Ferguson’s marriage was
apparently in trouble before he met Ayaan. His wife, Susan, a fifty-two-year-old former Fleet Street newspaper editor and magazine executive, lived in England with their children. She and Ferguson had met when she was an editor at the Daily Mail, and he had briefly moonlighted there. She had supported him financially when he was a young don at Oxford. But his and Ayaan’s lawyers later wrote to the Independent of London that he had already “moved out of the marital home” before he met Ayaan. (Actually, Ferguson and his wife owned three houses, a working farm in Oxfordshire, an eleventh-century castle near the Welsh border, and a town house in Boston, the oldest on Beacon Hill.)
With Ayaan’s fortieth birthday approaching in November, he agreed to help sponsor her birthday party at a five-star Manhattan hotel, reportedly picking up a bar tab for many thousands of dollars. The party was a celebration of how far Ayaan had come since arriving in the United States three years earlier. Old friends from the Netherlands, including her Dutch foster mother and Marco van Kerkhoven, were on hand to watch as more than a hundred guests, including some of the wealthiest people in the world, lined up to have their photos taken with Ayaan, dressed in a long brown evening gown.
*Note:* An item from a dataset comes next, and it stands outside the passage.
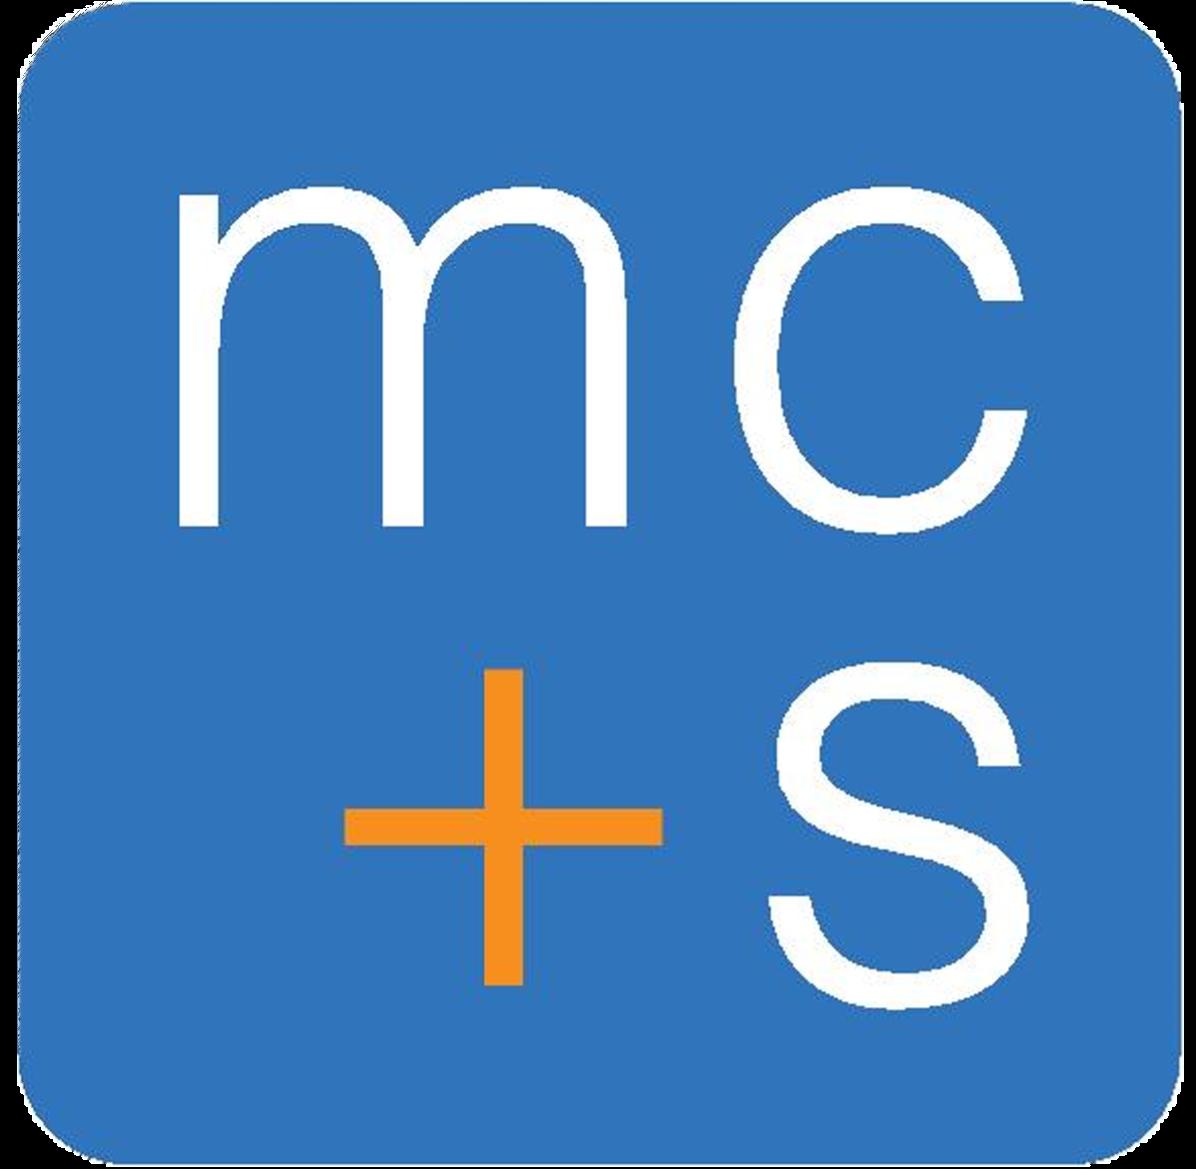 Mercuri-Covelli-Scarton-Logo-1_edited

That evening she gave an interview to Steffie Kouters, the reporter who had first put her into the Dutch national eye in 2002. Although Ferguson’s wife still didn’t know about Ferguson and Ayaan (by one account, he invited his wife to the party and then, after she flew to New York, told her it was happening elsewhere after all), Ayaan regaled Kouters with the story of her love affair. “This is him,” she said, pointing to a picture of Ferguson. “Most of the time, I think: this is the man I belong with,” she said. But there were also “big problems” because Ferguson was married and Ayaan said she didn’t intend to be polygamous. In a speech to the guests, Ferguson said he had never met anyone as sharp as Ayaan.
The pair went public in January 2010. Ayaan was flown secretly to make a surprise appearance at India’s Jaipur Literature Festival, an important event for the global literary set. Ferguson was giving another talk there, and they were photographed kissing on the grounds of the opulent Hotel Diggi Palace. Two weeks later, on February 12, the Daily Mail broke the news that Ferguson was leaving his wife for Ayaan. The story’s impudent headline read, “The History Man and the Fatwa Girl.”